Question asked by a first-year law student-
A whole crew is on a boat traveling somewhere in the Atlantic Ocean, and accidentally a disaster took place. All the crew members died, and only four members were left alive. Those four named were A, B, C, and D. Also, out of those four members, one is of the unconscious mind.
There is nothing to eat, so they said that we will do the act of cannibalism but while speaking the word ‘cannibalism’ D was in an unconscious mind.
Cannibalism is the act of consuming another individual of the same species as food. In this question, humans eating a human.
So they tossed a coin after taking consent from each other. They included even the unconscious D too. They decided that whose name will come first, he has to die, and then they tossed the coin. When the name came, it was of D, but at that time, D comes in a conscious mind, and he said that I withdraw. So A and B decided to kill D, and they instigate C also, but C refused, and so they (A & B) kill D. But when they start sharing D’s body as a meal, C also joined them.

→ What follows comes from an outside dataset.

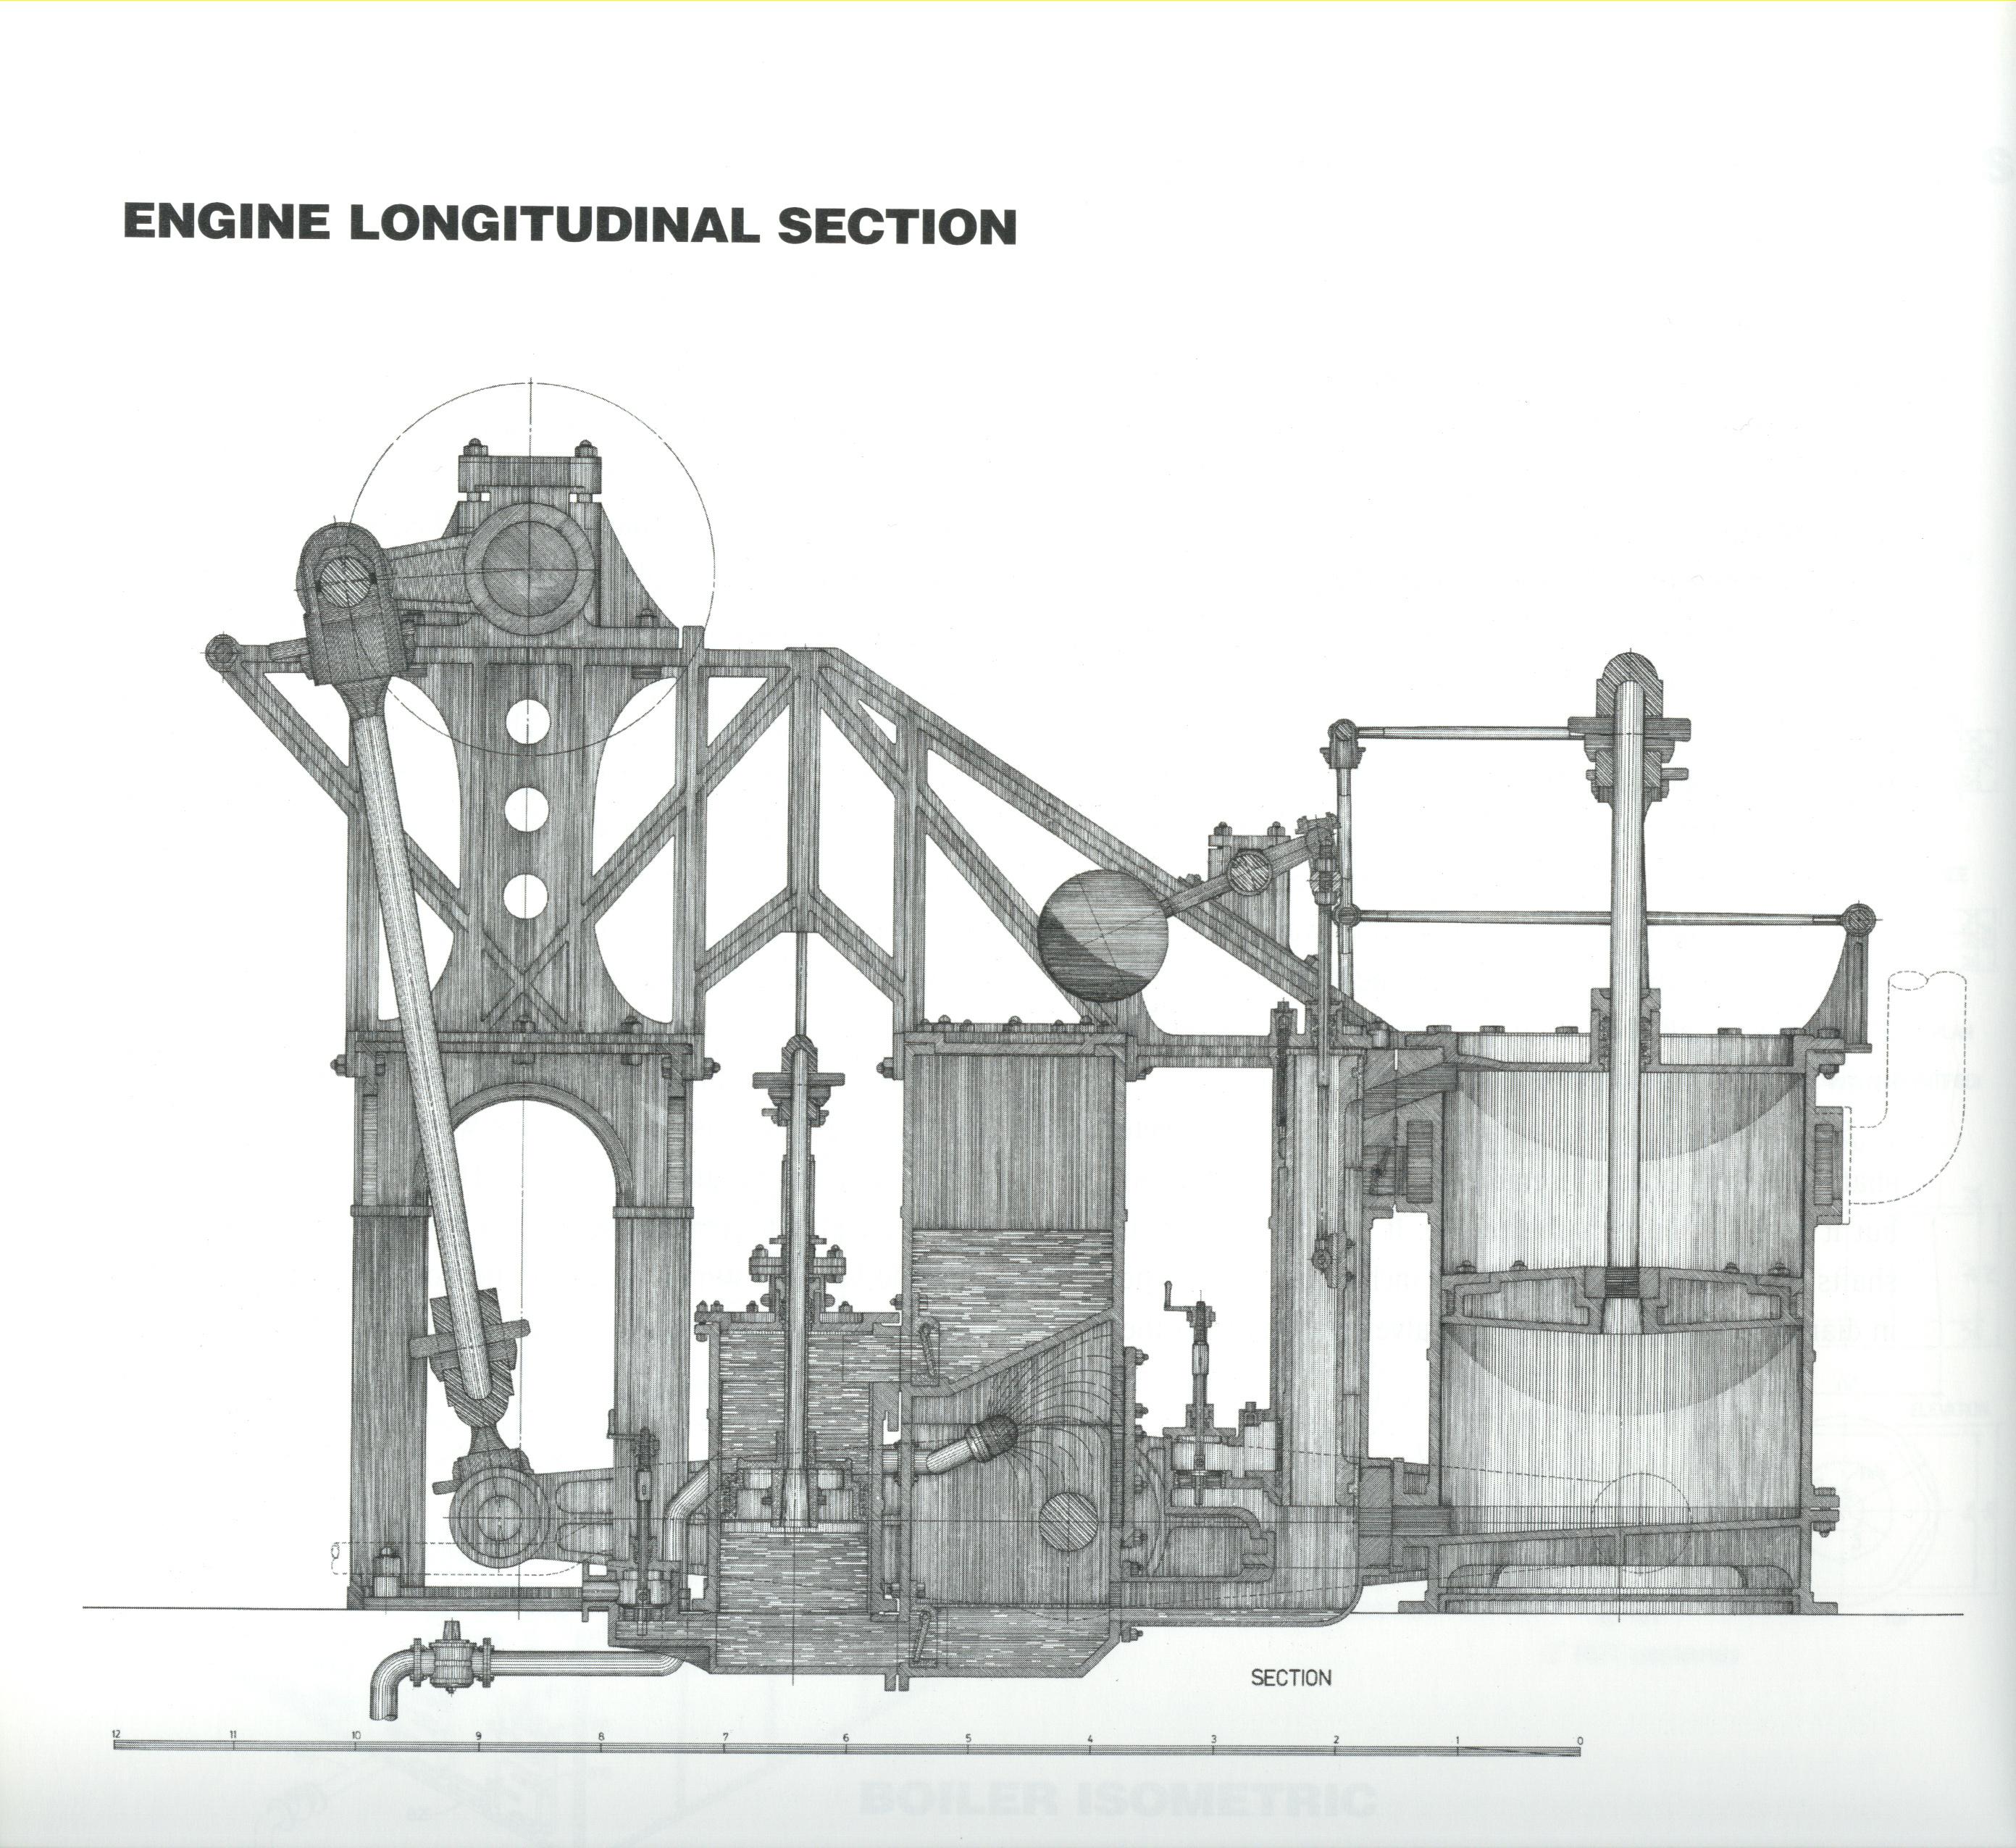 https://0901.nccdn.net/4_2/000/000/038/2d3/Plan---Beaver-Engine-Longitudinal-Section-2783x2551.jpg
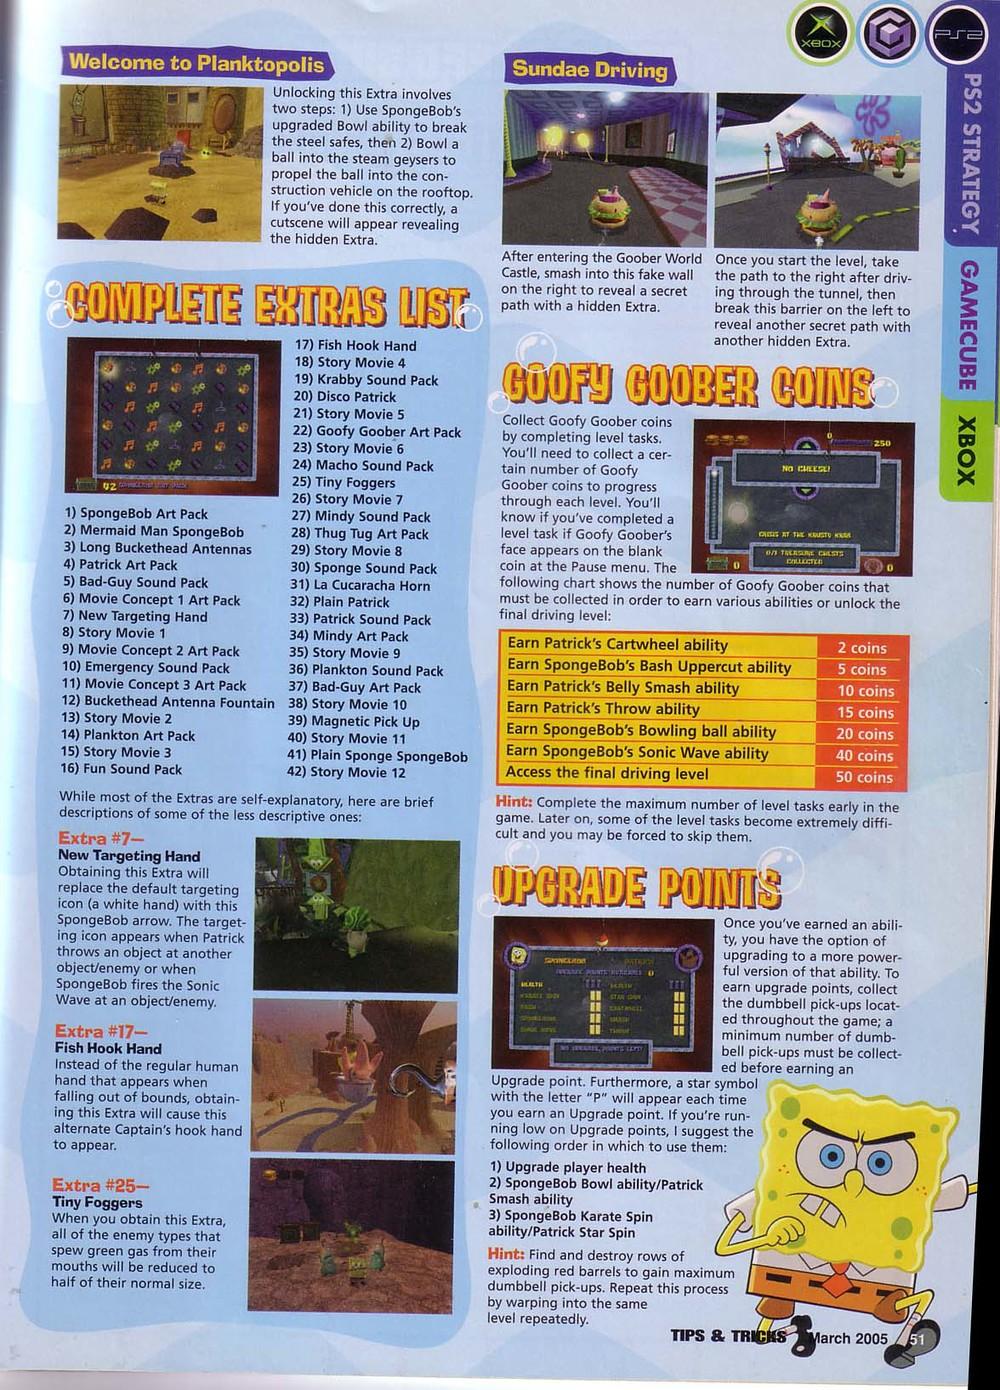 TipsandTricks_March_2005_SpongeBob_pg2_Strategy.jpg

Should they all be punished for murder? Or even some of them will be punished or not?
What is the Punishment For Cannibalism
The Doctrine of Necessity – When to be Invoked
Wow. This is a great question. All will be punished. That is for sure. I will consult this question with one of my other colleagues and reply in the evening or tomorrow. Is that okay? It is an excellent question, by the way. Replied the next day-
As far as liability of A, B, C, and D are concerned; All are liable for the murder of D.
Here when the conspiracy was committed, at that time, D was of unsound mind, and hence his liability ceases.
A, B and C, all three are liable for murder as well as of criminal conspiracy under Section 120B of IPC. They can not take defence under Section 81 as the doctrine of necessity says, smaller harm can be caused to avoid big harm. But this is not so in this case. It is purely a murder.
Each individual life was equivalent to that of another. You may refer to the case of R vs. Dudley and Stephens, 1884, in which it clearly says that necessity is not a defense to a charge of murder.
The doctrine of necessity must be carefully dealt with, else need would open the door to many excuses. It was, for this reason, it was not admitted in the case of Dudley and Stephens. They were held guilty of murder.
Similarly, if a man who is starving enters a house and takes food in order to keep himself alive, the law does not admit the defence of necessity. It holds him guilty of theft. The reason is that if hunger were once allowed to be an excuse for stealing, it would open a way through which all kinds of disorder can be claimed to be allowed. So the courts must for the sake of law and order take a firm stand.